Vitamin B₆ has received attention for treatment of PMS. Again, the results of controlled trials have been mixed, showing perhaps a very mild benefit at doses of 50 mg–100 mg daily. Doses of B₆ should be kept in the 50 mg–100 mg range to minimize the risk for the neurotoxicity that can occur at higher doses. There has been at least one study indicating improvement in PMDD symptoms with magnesium supplementation, but a more recent study indicated only improvement in fluid retention.[25]

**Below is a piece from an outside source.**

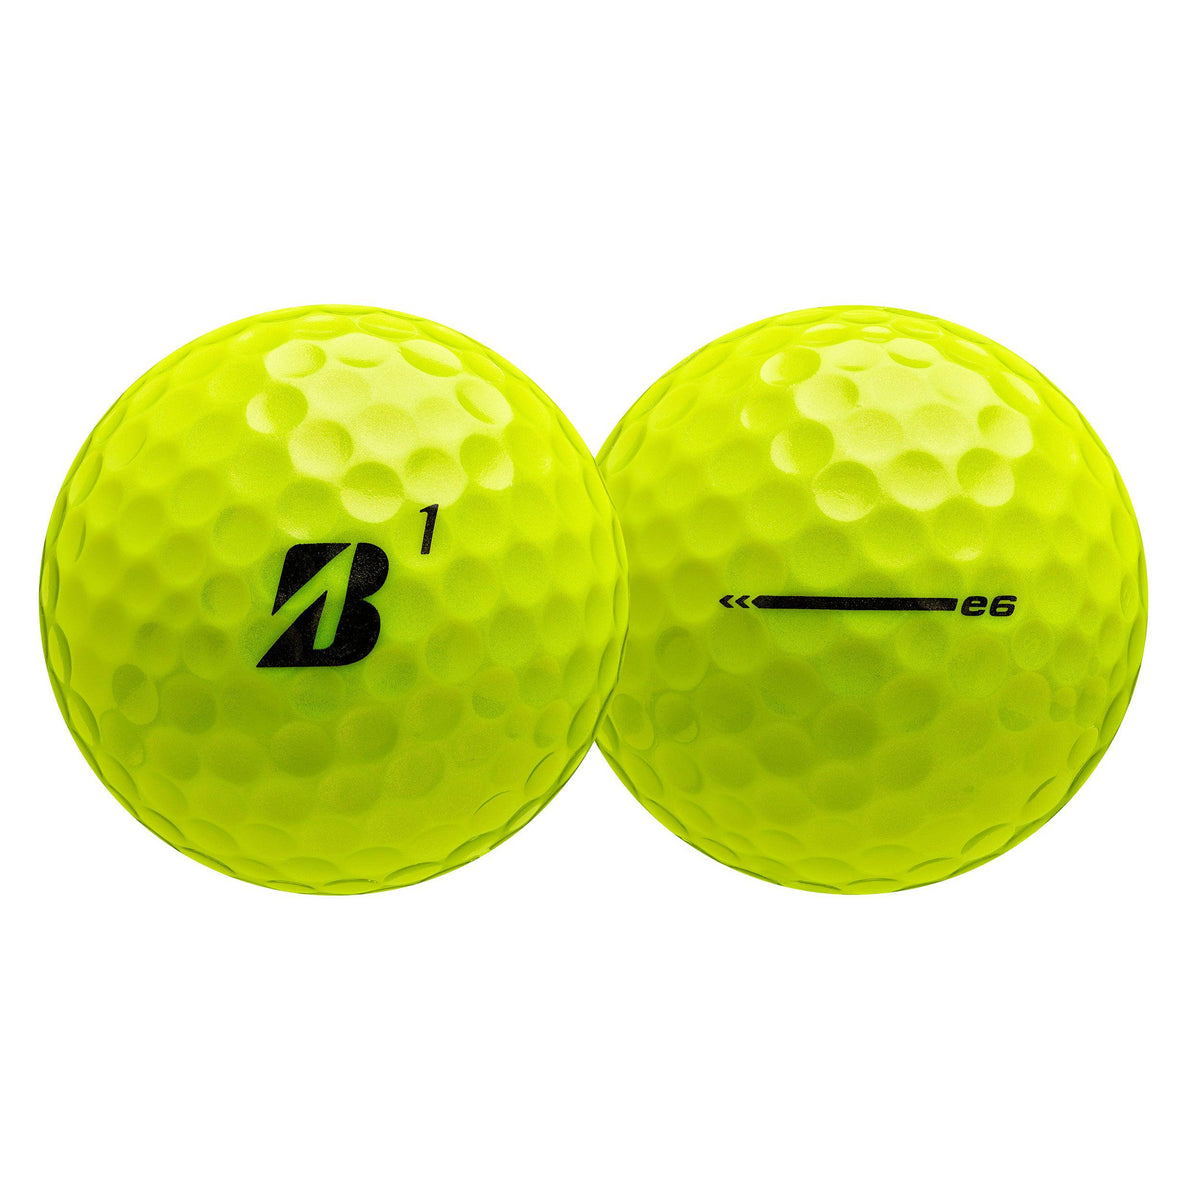 Bridgestone e6 Golf Balls 2023 - 6 Dozen Packs

Significant interest has been found with herbal treatments of PMDD, such as oil of primrose or St. John’s wort. Despite this interest, no significant proof of efficacy for herbal treatments in randomized clinical trials has been documented.[26] However, the results of a prospective randomized placebo-controlled study of 17 women indicated some efficacy for treating PMDD with Vites agnus castus (chaste tree).[27]

Nonmedication interventions, including dietary recommendations, exercise, and cognitive and relaxation therapy, can also be of significant benefit. An increase in complex carbohydrates, a decrease in caffeine and tobacco, and more frequent meals in the premenstrual phase can be helpful. Carbohydrate craving in the premenstrual period may be an attempt to increase tryptophan, a precursor of serotonin. Exercise may also increase endogenous endorphin levels, alleviating anxiety and dysphoria. Finally, both relaxation techniques and cognitive behavioral therapy have been reported as effective in relieving PMS/PMDD and in improving coping mechanisms for the core symptoms.[28]